Dalam rapat dengar pendapat ini, DPR masih ingin mengetahui berapa potensi pajak yang masuk dari hasil tax amnesty. Sebab dari potensi tersebut, pemerintah sebaiknya bisa memastikan apakah program ini benar-benar bermanfaat atau tidak pada 2016.
"Masih banyak pertanyaan, seberapa besar uang yang akan masuk dari tax amnesty di tahun ini. Angkanya nendang nggak terhadap pendapatan negara?," ujar anggota Komisi XI lainnya dari Fraksi PKB, Bertu Merlas, di Jakarta, Selasa (19/4).

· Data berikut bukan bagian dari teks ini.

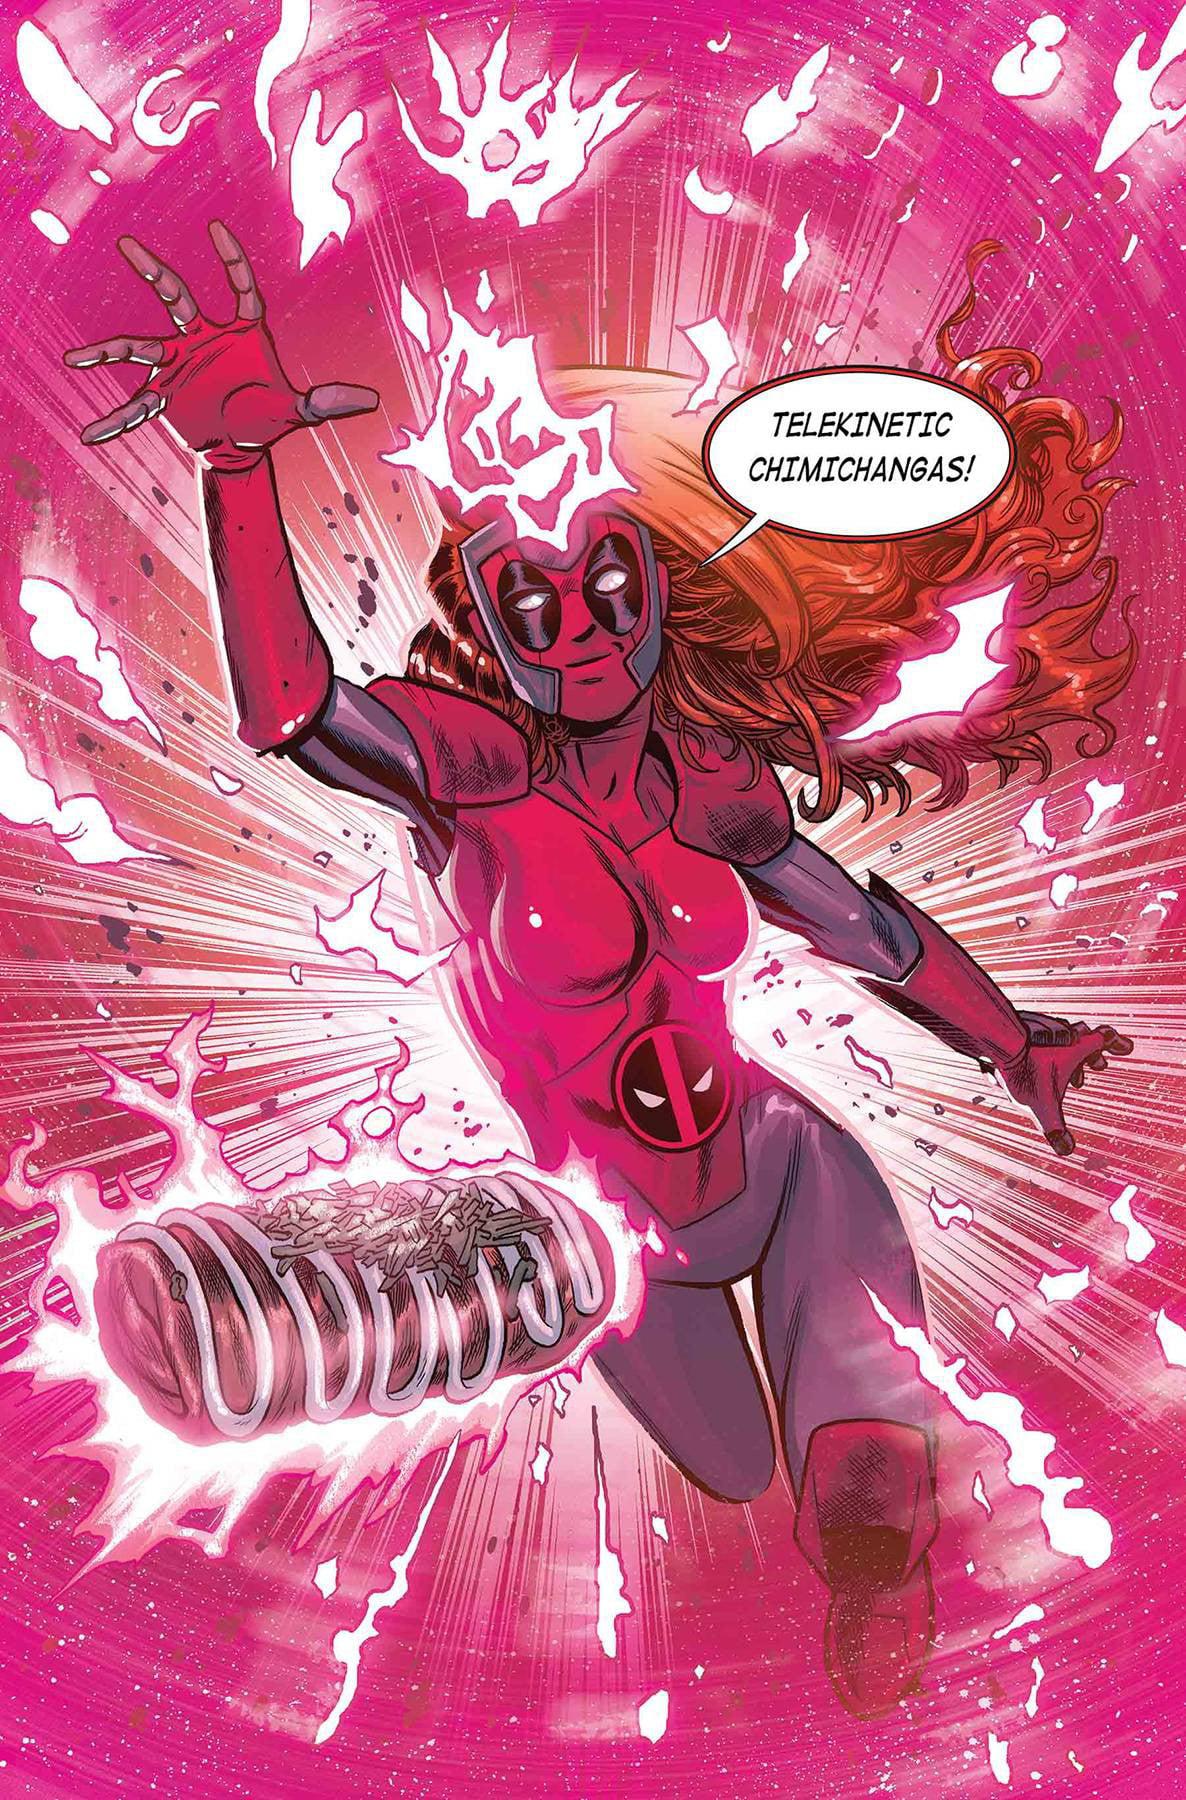 Marvel X-Men Red #4 [Schoonover Deadpool Variant] by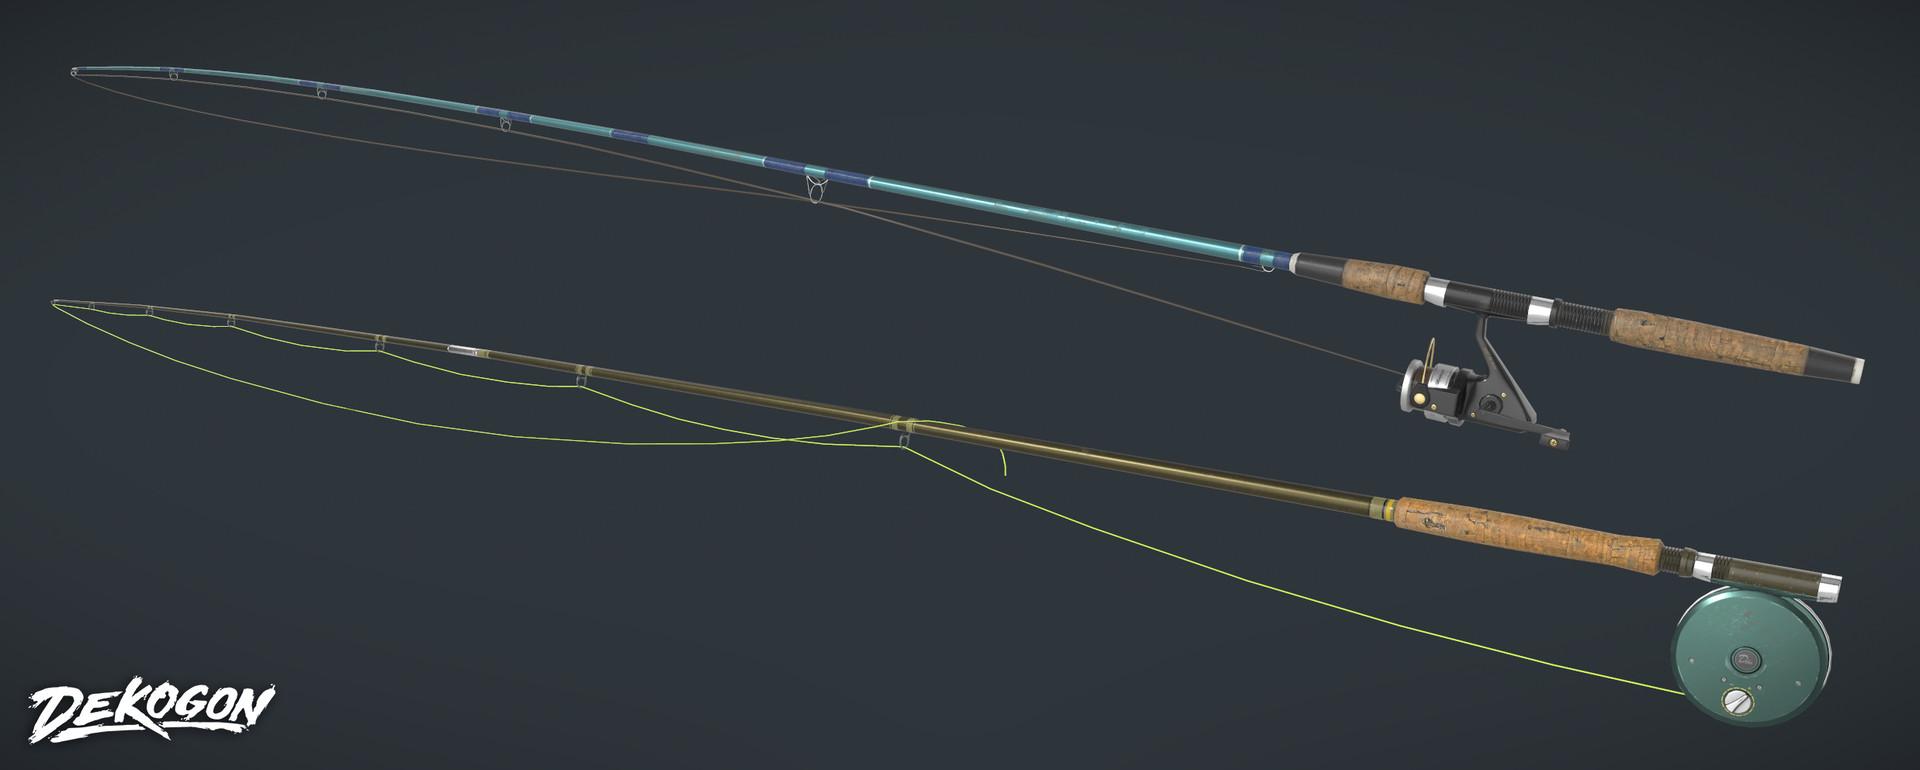 Andy nelson fishingpole lengthrender

Bertu mengatakan, dalam dua tahun ke depan Indonesia akan mengikuti Automatic Exchange of Information (AEoI) atau keterbukaan data. Dengan keterbukaan ini, dana yang selama ini dikemplang pajaknya akan lebih terlihat secara detail. Sebab banyak dana yang selama ini bersembunyi di balik perbankan.
Jika pajak yang didapat dari AEoI bakal berpotensi lebih besar, Bertu berharap agar pemerintah menunggu program ini berlangsung, ketimbang dengan tax amnesty yang dananya sangat kecil karena hanya 2-6 persen dari total dana pengempalng pajak.
"Jadi kenapa nggak ditunggu saja AEoI itu. Supaya kita bisa terima potensi penerimaan yang lebih besar," ujarnya.
Sementara, anggota Komisi XI DPR RI dari Fraksi Partai Gerindra Heri Gunawan menjelaskan, draft rancangan undang-undang (RUU) tax amnesty ini masih belum spesifik. Karena dalam draft ini belum menyentuh bagaimana tentang informal ekonomi atau underground ekonomi.
"Tadi kan disebut bahwa pemilik pabrik atau lahan sudah bayar pajak, tapi pedagang perantara tidak. Kajian itu perlu diperdalam," ujarnya.